Work instruction: Only the text belongs in the copy: repeat each record exactly, without pictures.

Extracted records:
>>>

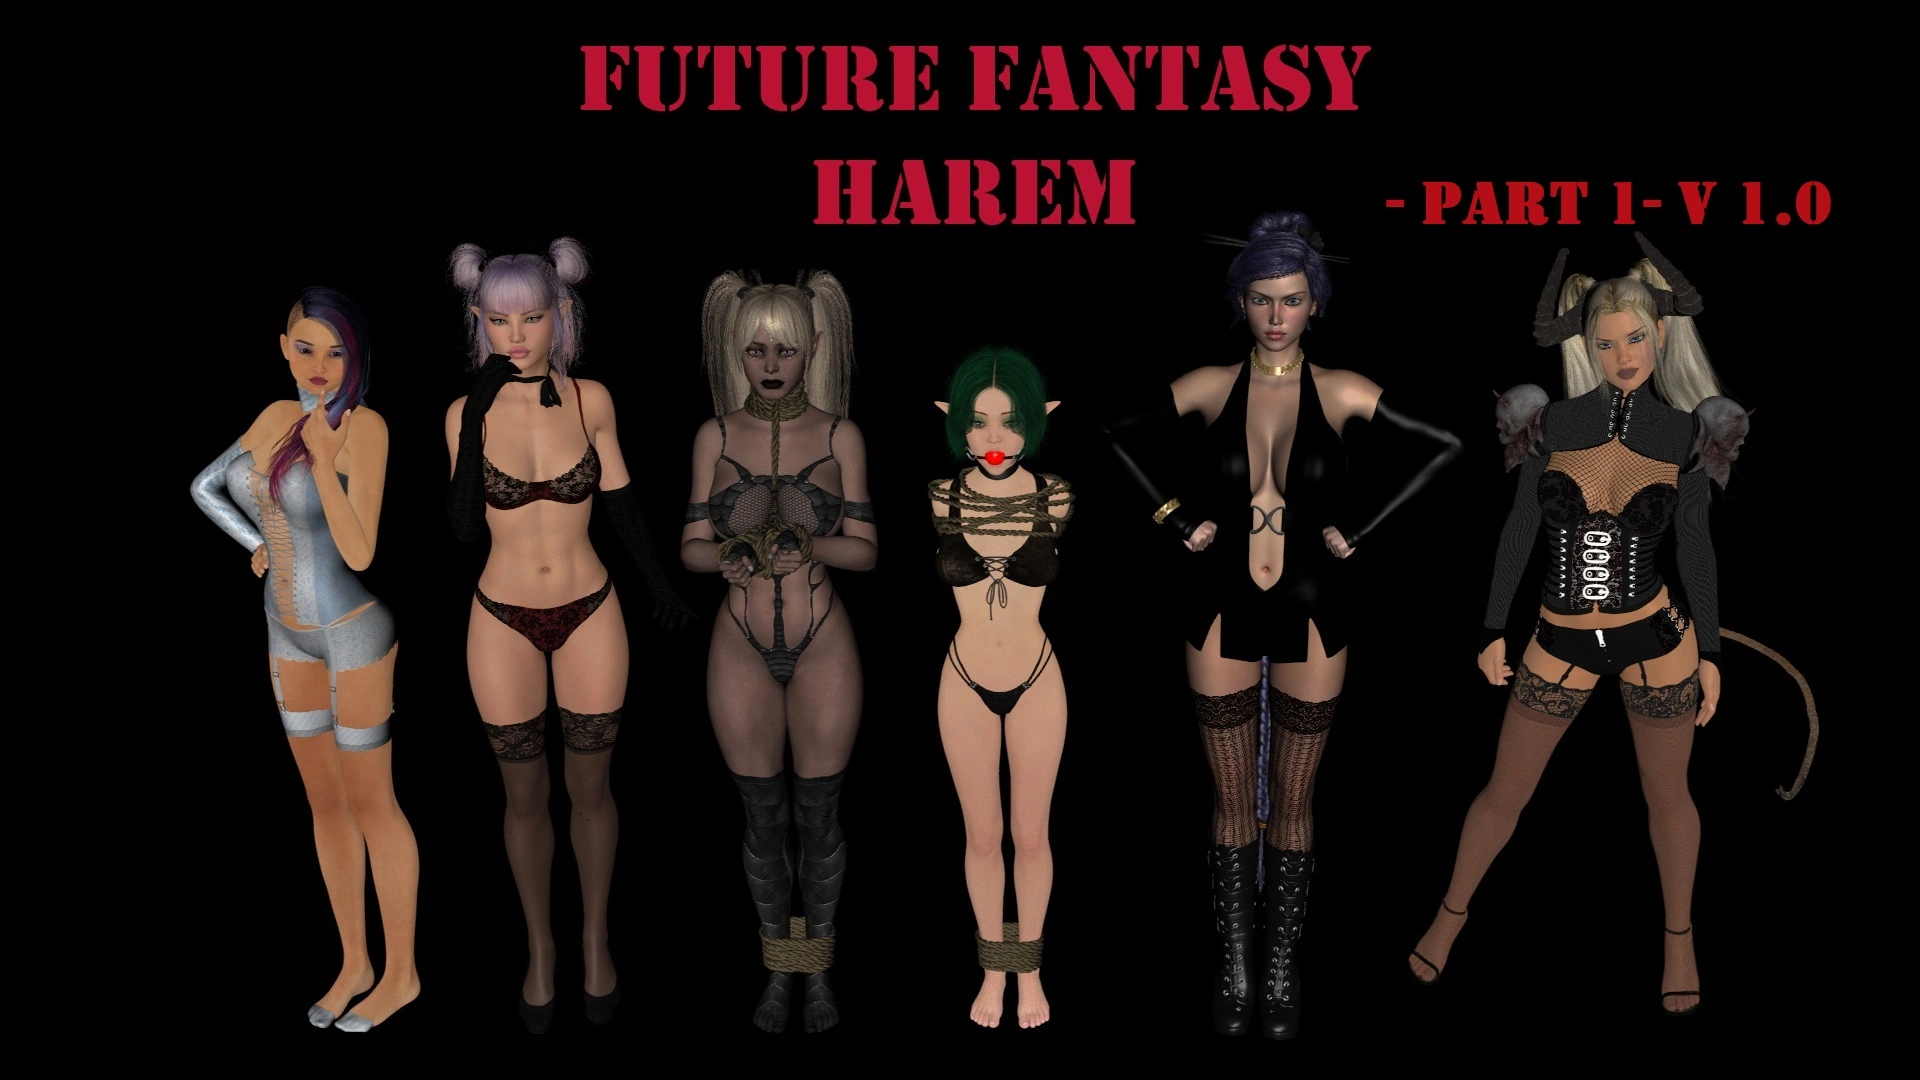 Future Fantasy Harem - Part 1 header image
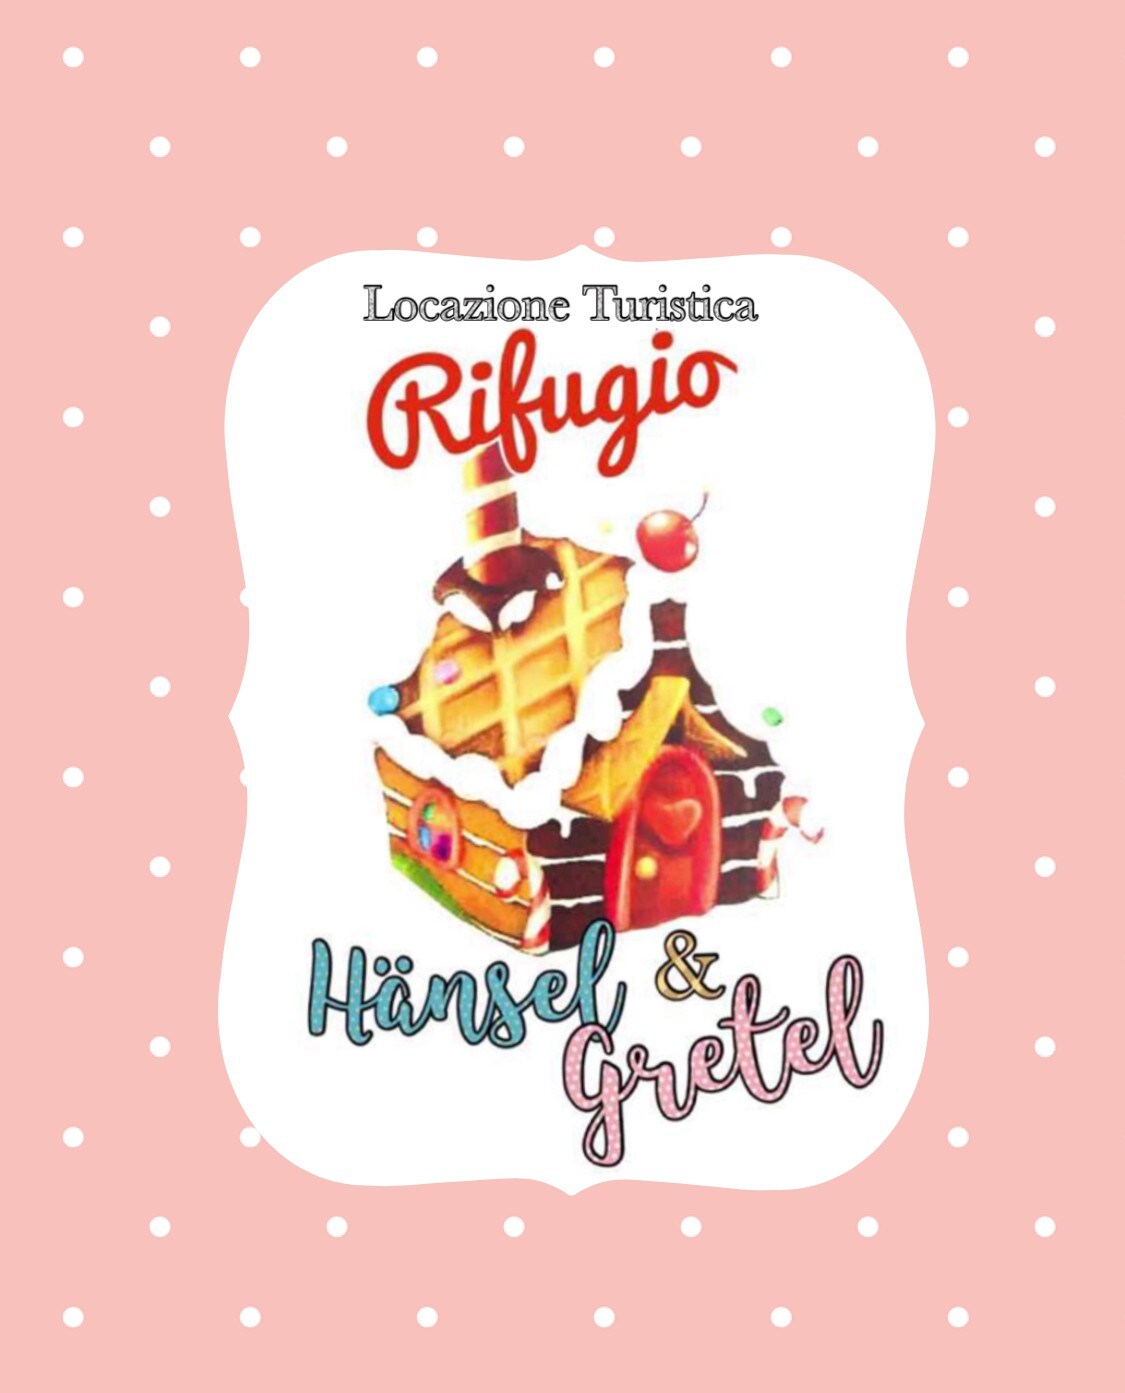 Gretel Rifugio Hänsel & Gretel出租
之旅
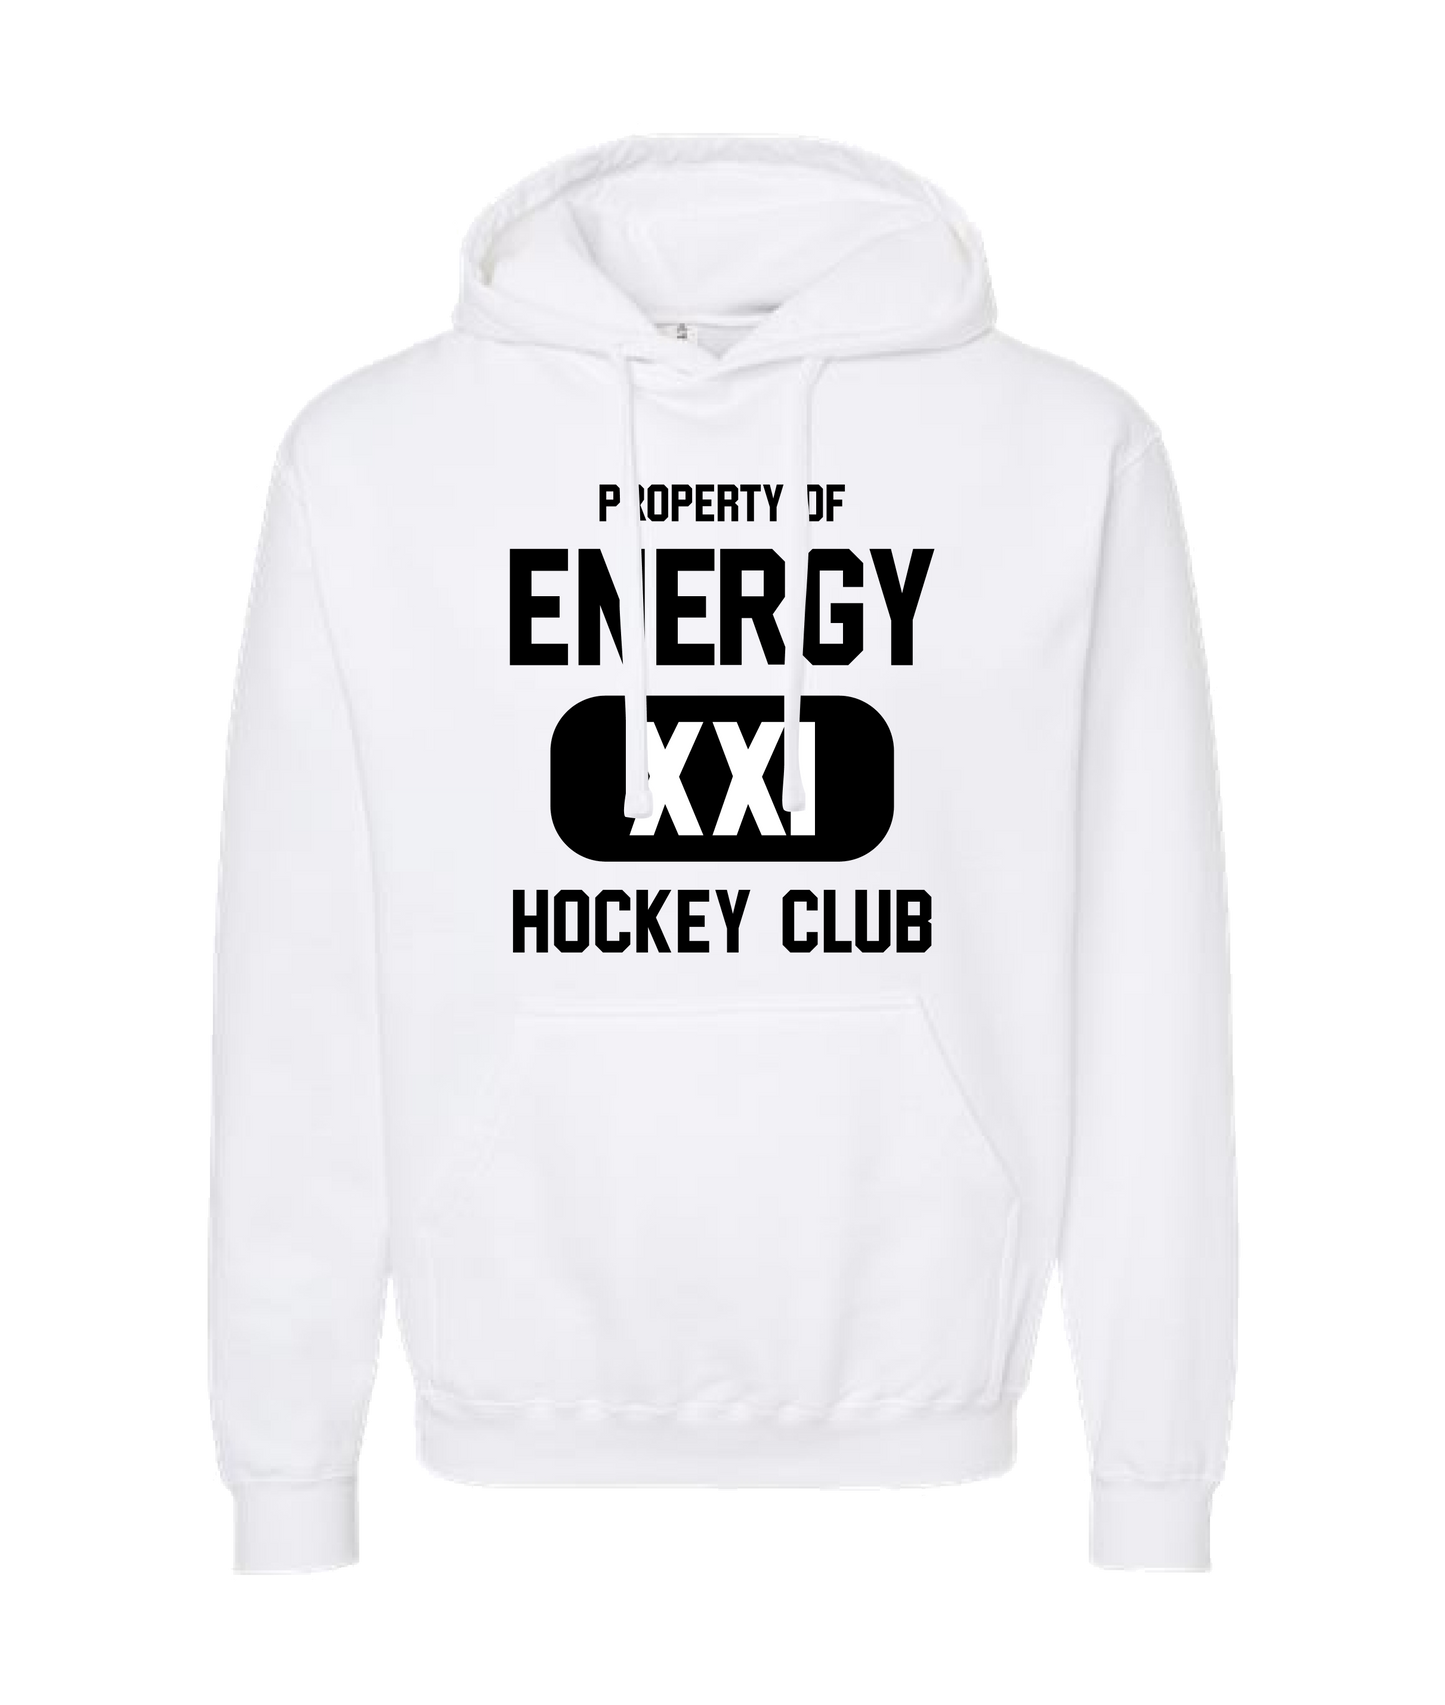 Energy Hockey - Energy XXI Hockey Club - White Hoodie
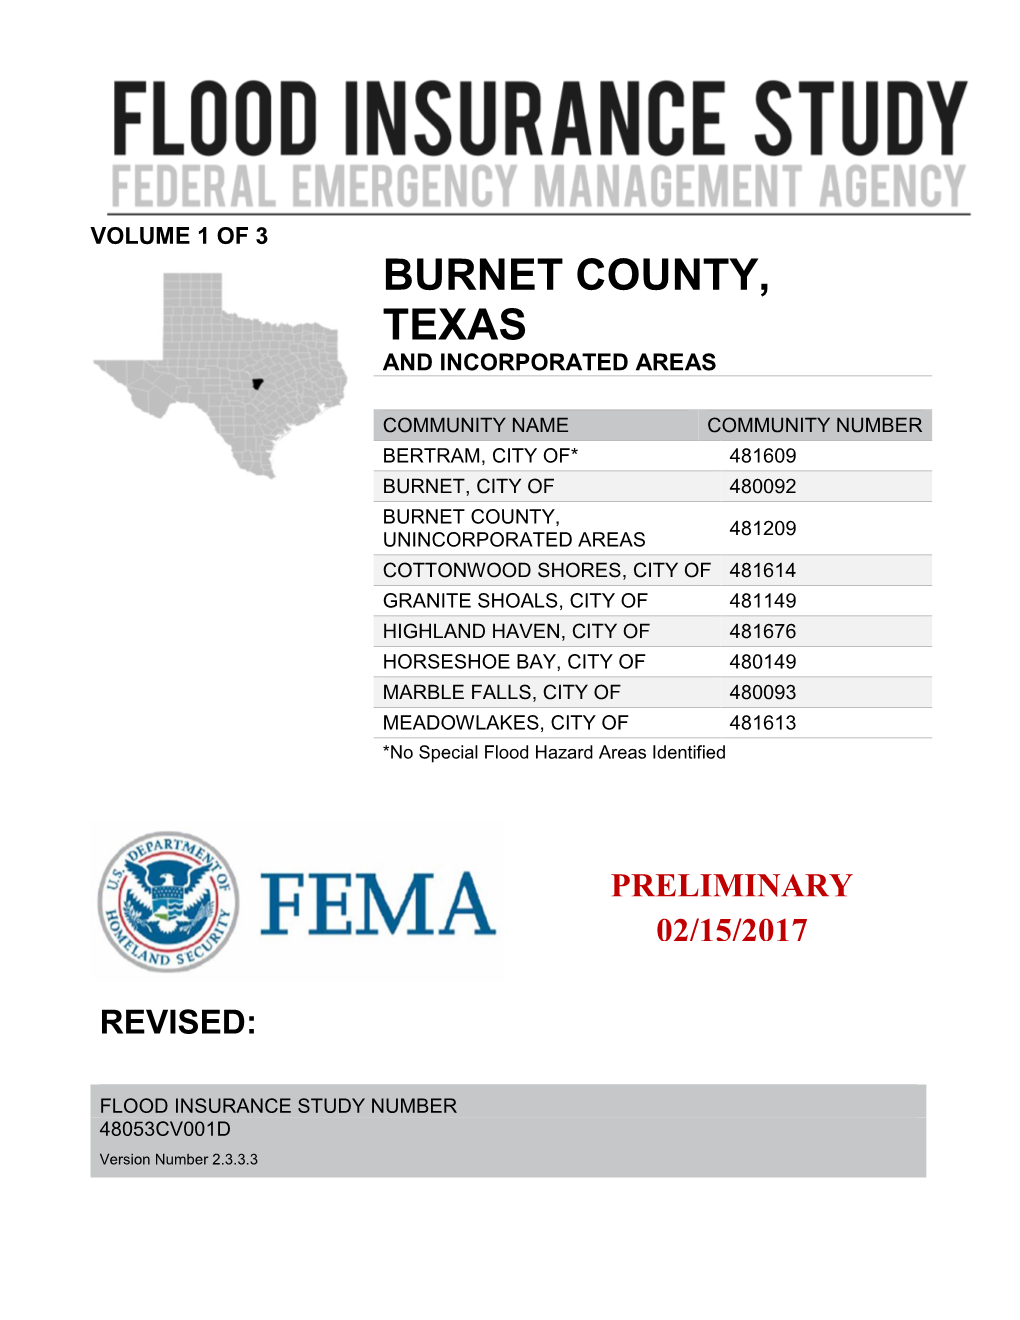 FEMA Flood Insurance Study Volume 1 of 3

<<<

Solution to this exercise:
 Future Fantasy Harem - Part 1 header image
 Gretel Rifugio Hänsel & Gretel出租
之旅
 Energy Hockey - Energy XXI Hockey Club - White Hoodie
 FEMA Flood Insurance Study Volume 1 of 3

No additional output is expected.